Hybrid loan-decisioning with OpenShift AI and Vertex AI

This blog presents a practical solution pattern that demonstrates how a modern financial application can make loan decisions using multiple machine learning (ML) systems deployed across hybrid environments. The architecture reflects real-world financial services requirements, where regulatory, compliance, and data residency constraints influence where models are deployed.

A distributed architecture for regulated environments

In this pattern, a loan approval classifier runs on Google Cloud using Vertex AI, while an ONNX-based regression model for interest rate prediction is deployed on Red Hat OpenShift AI running on premise.
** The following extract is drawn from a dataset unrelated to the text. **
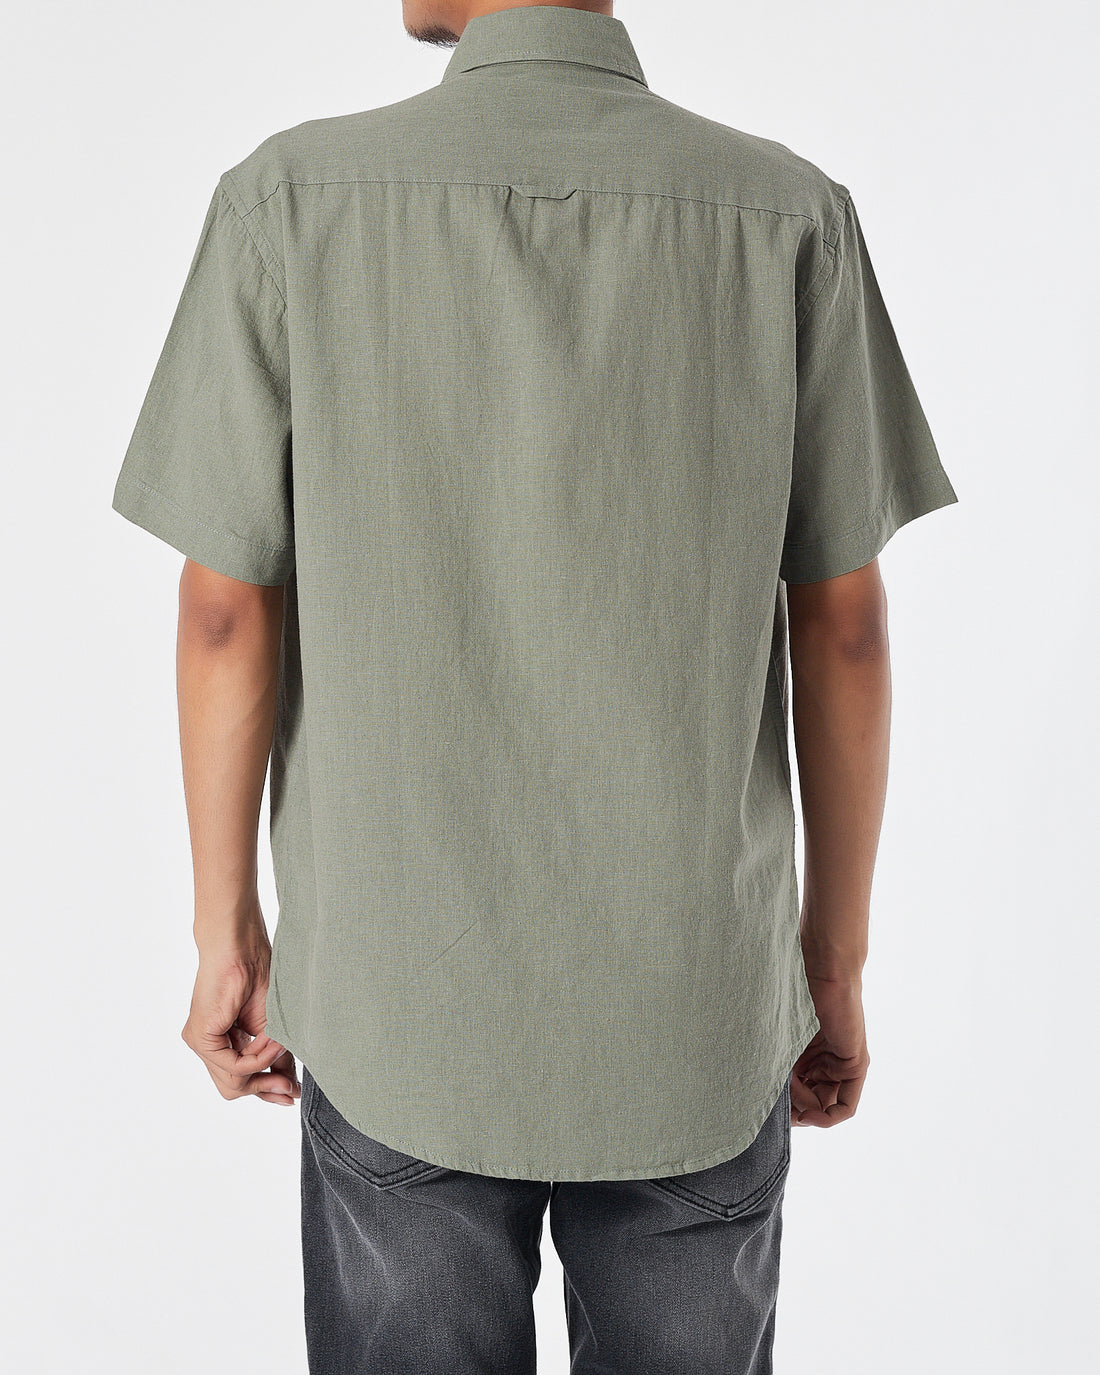 RL Casual Linen Men Green Shirts Short Sleeve 20.90

Many financial institutions require sensitive customer and risk data to remain on premise or within tightly controlled environments. Deploying OpenShift AI on premise enables these organizations to run ML workloads close to regulated data while still integrating with cloud-based services.

A lightweight React frontend and a FastAPI backend orchestrate both models, delivering a unified application experience despite the distributed deployment. The models are intentionally hosted in different environments to illustrate a core hybrid principle: models run where data resides.

The architecture also includes a Llama-based chatbot deployed on Red Hat OpenShift Container Platform using Red Hat AI Inference Server. This setup provides efficient on premise inference and contextual guidance while maintaining full control over enterprise data.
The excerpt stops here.